*Collected data:*
────────────────────────────────────────

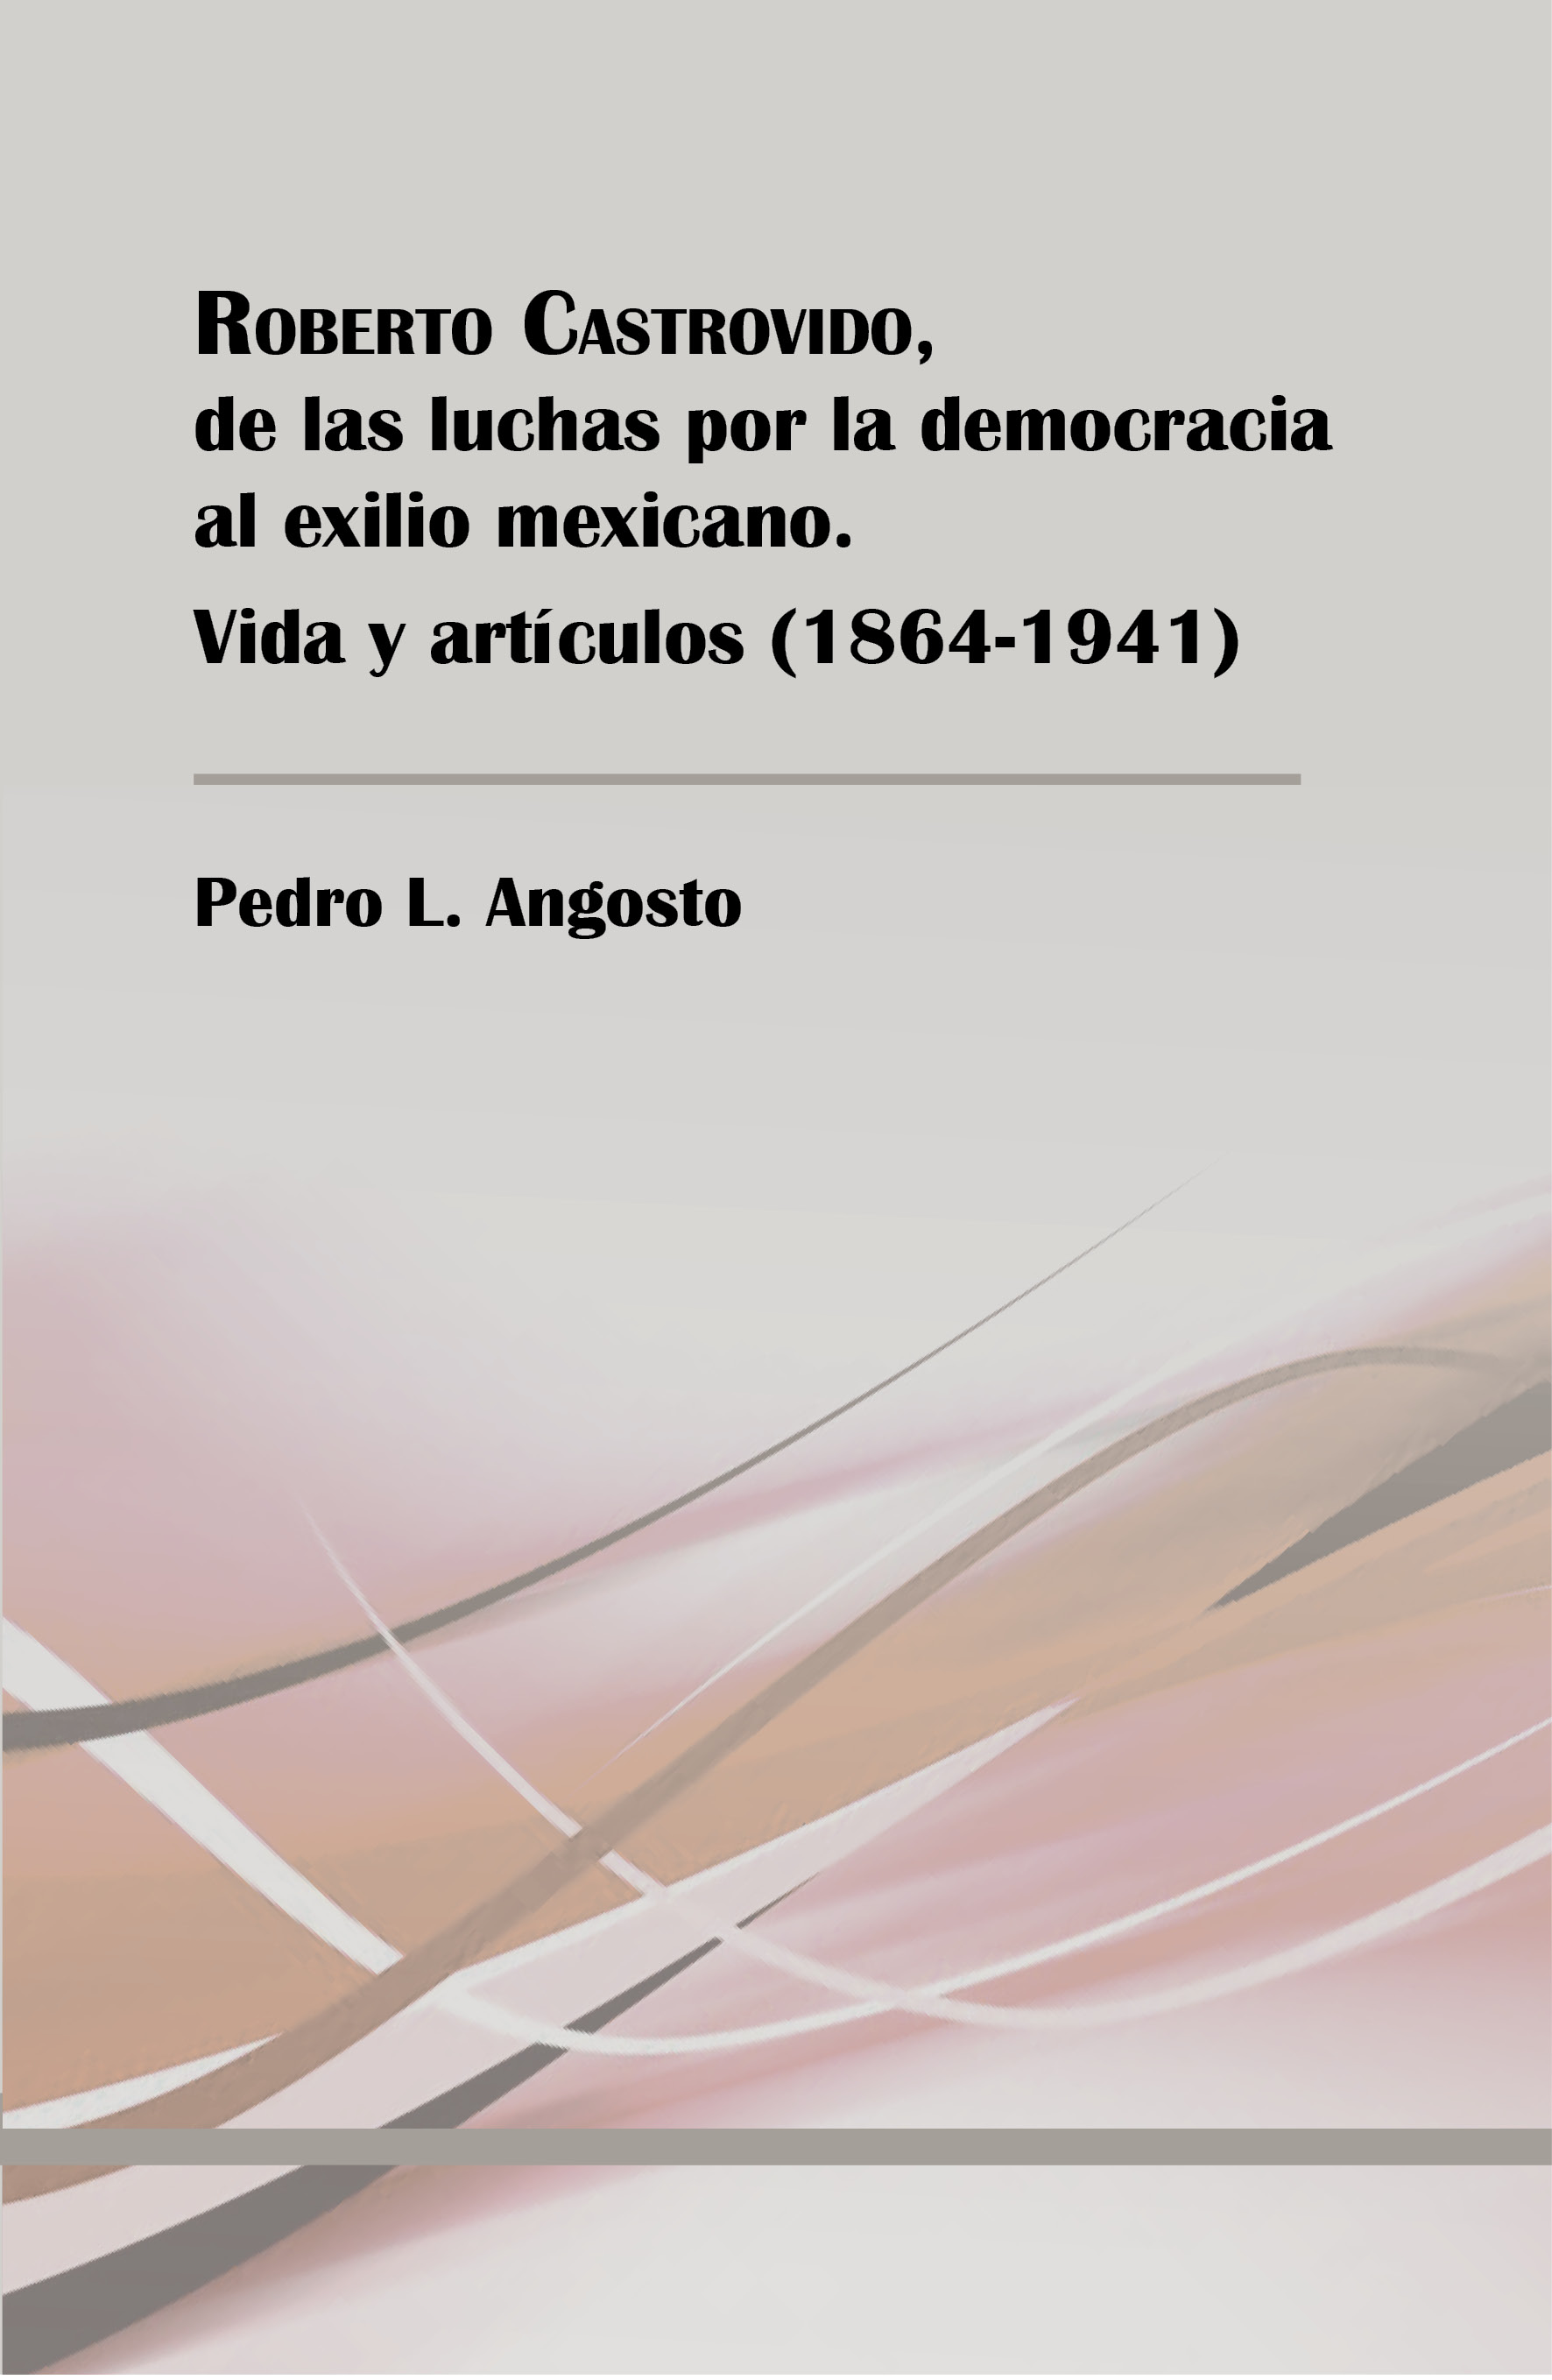 View details of ROBERTO CASTROVIDO, DE LAS LUCHAS POR LA DEMOCRACIA AL EXILIO MEXICANO. VIDA Y ARTÍCULOS. 1864-1941- PDF
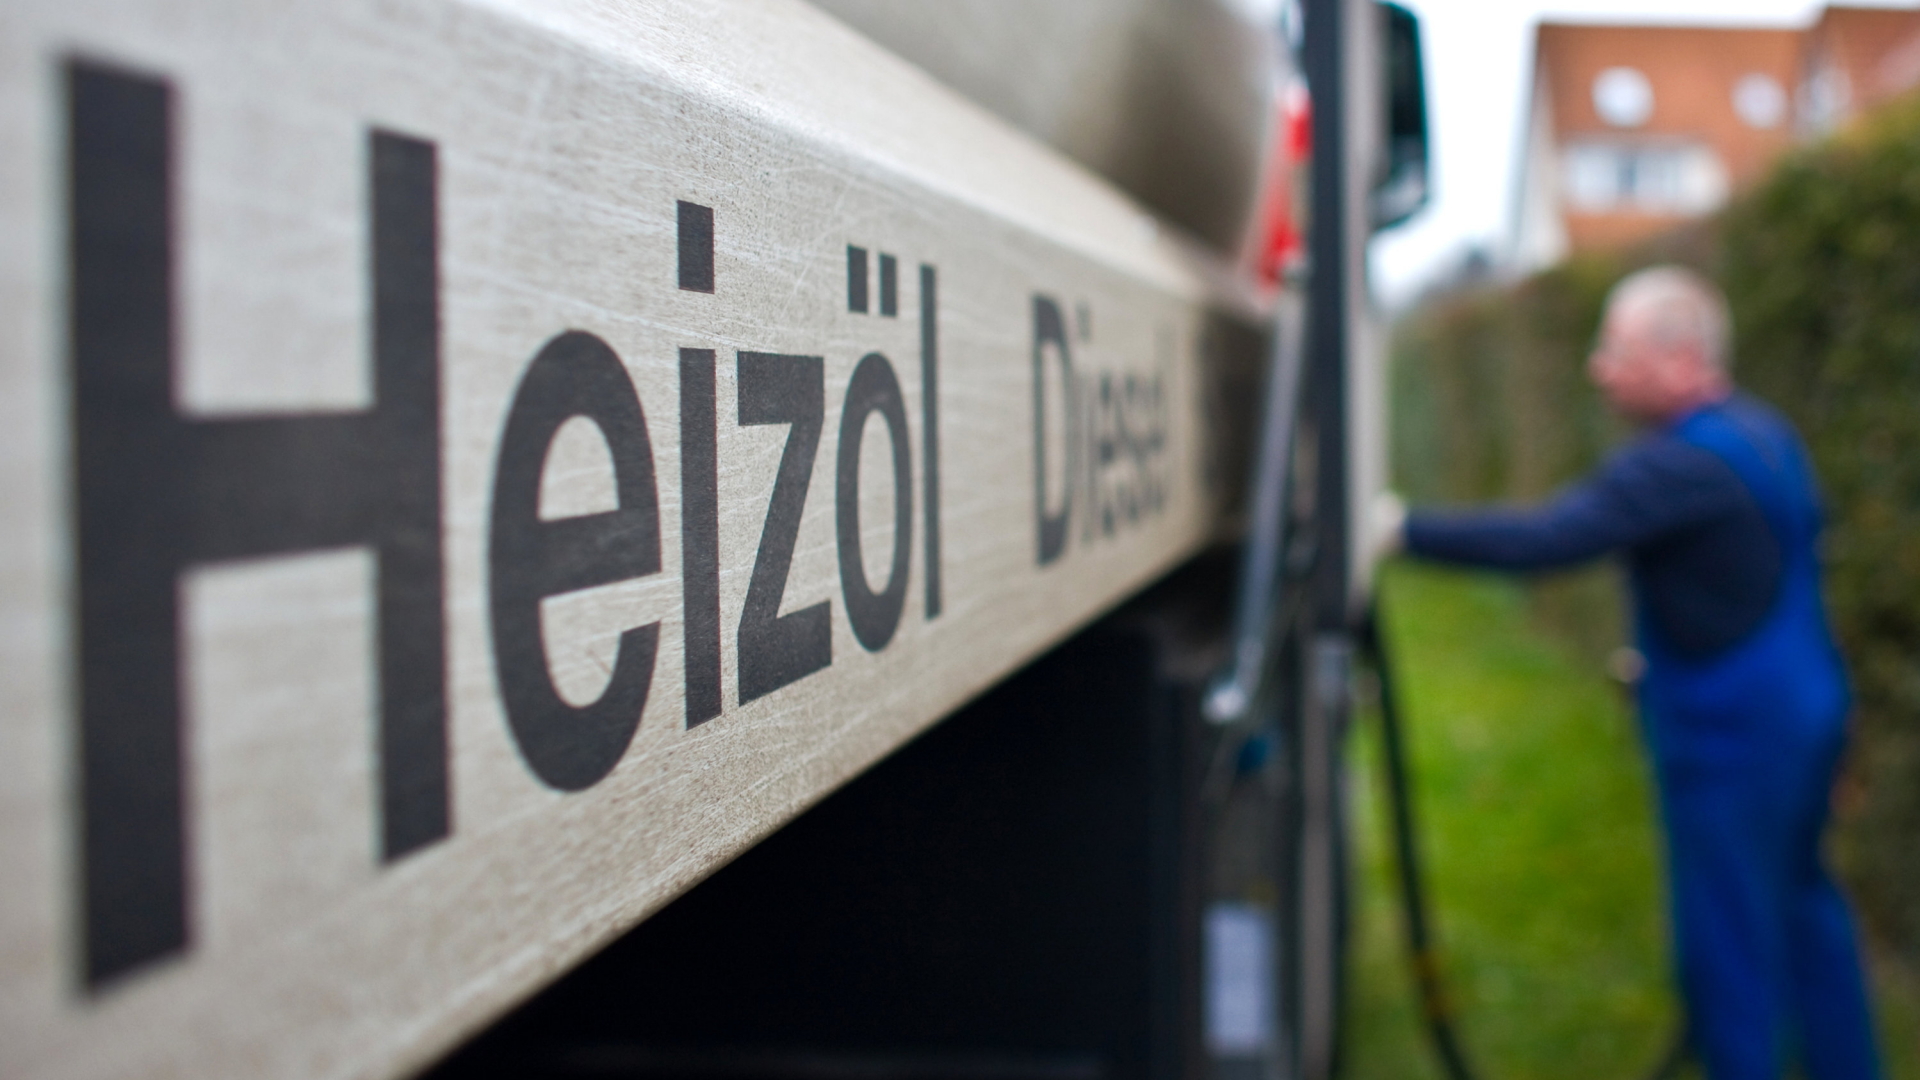 "Heizöl" und "Diesel" steht auf einem Tankfahrzeug eines Heizöllieferanten.
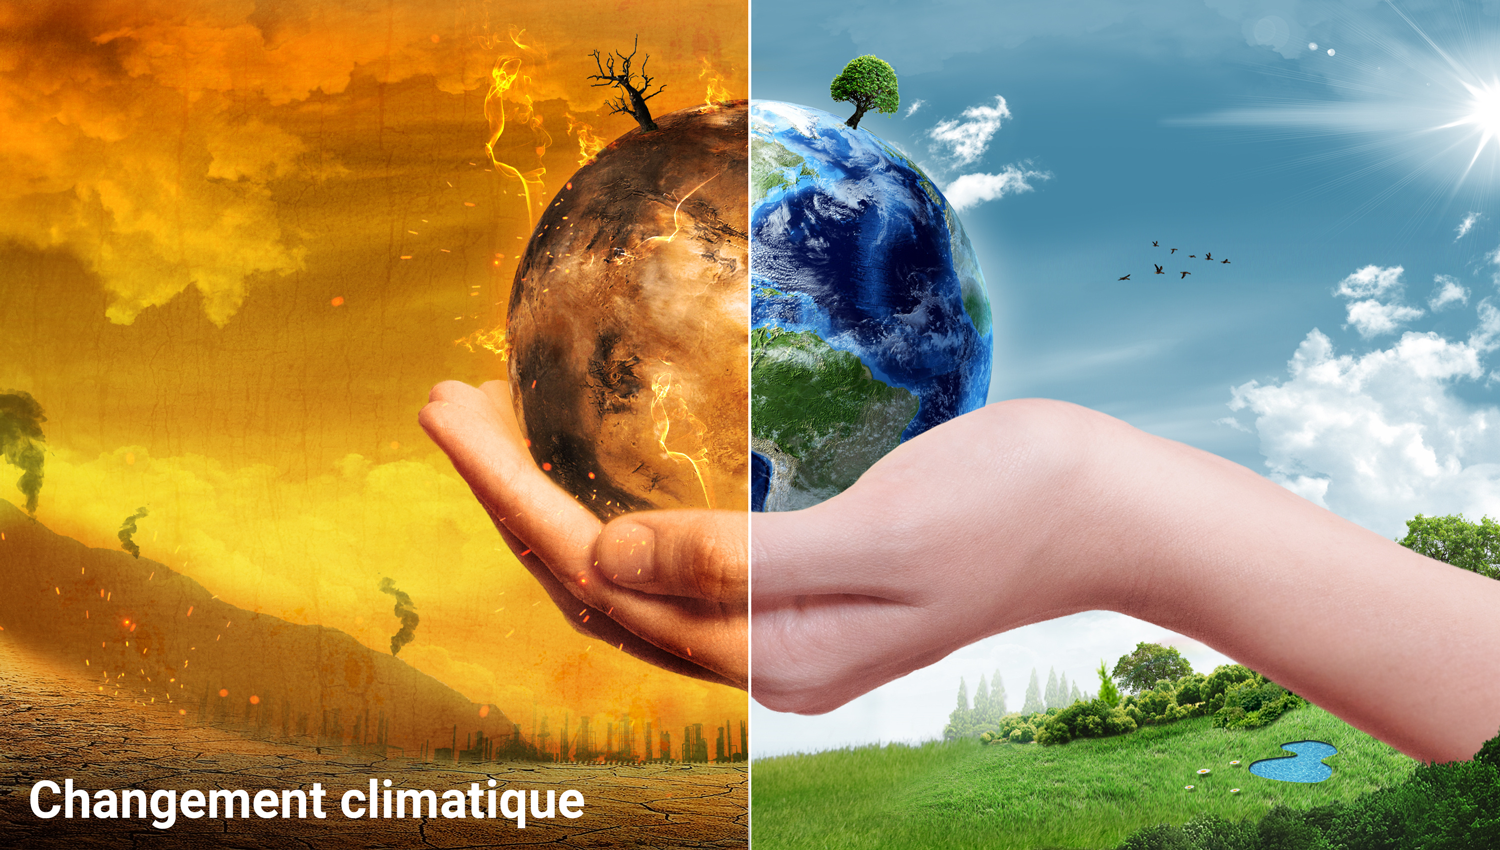 Le changement climatique est l'une des plus importantes mégatendances globales. Elle a un impact profond sur la science et la société. (Image: Adobe Stock)

────────────────────────────────────────

*Goal of the exercise:*
The whole listing should be restated word for word, with no pictures.

*Response to this exercise:*
 View details of ROBERTO CASTROVIDO, DE LAS LUCHAS POR LA DEMOCRACIA AL EXILIO MEXICANO. VIDA Y ARTÍCULOS. 1864-1941- PDF
 "Heizöl" und "Diesel" steht auf einem Tankfahrzeug eines Heizöllieferanten.
 Le changement climatique est l'une des plus importantes mégatendances globales. Elle a un impact profond sur la science et la société. (Image: Adobe Stock)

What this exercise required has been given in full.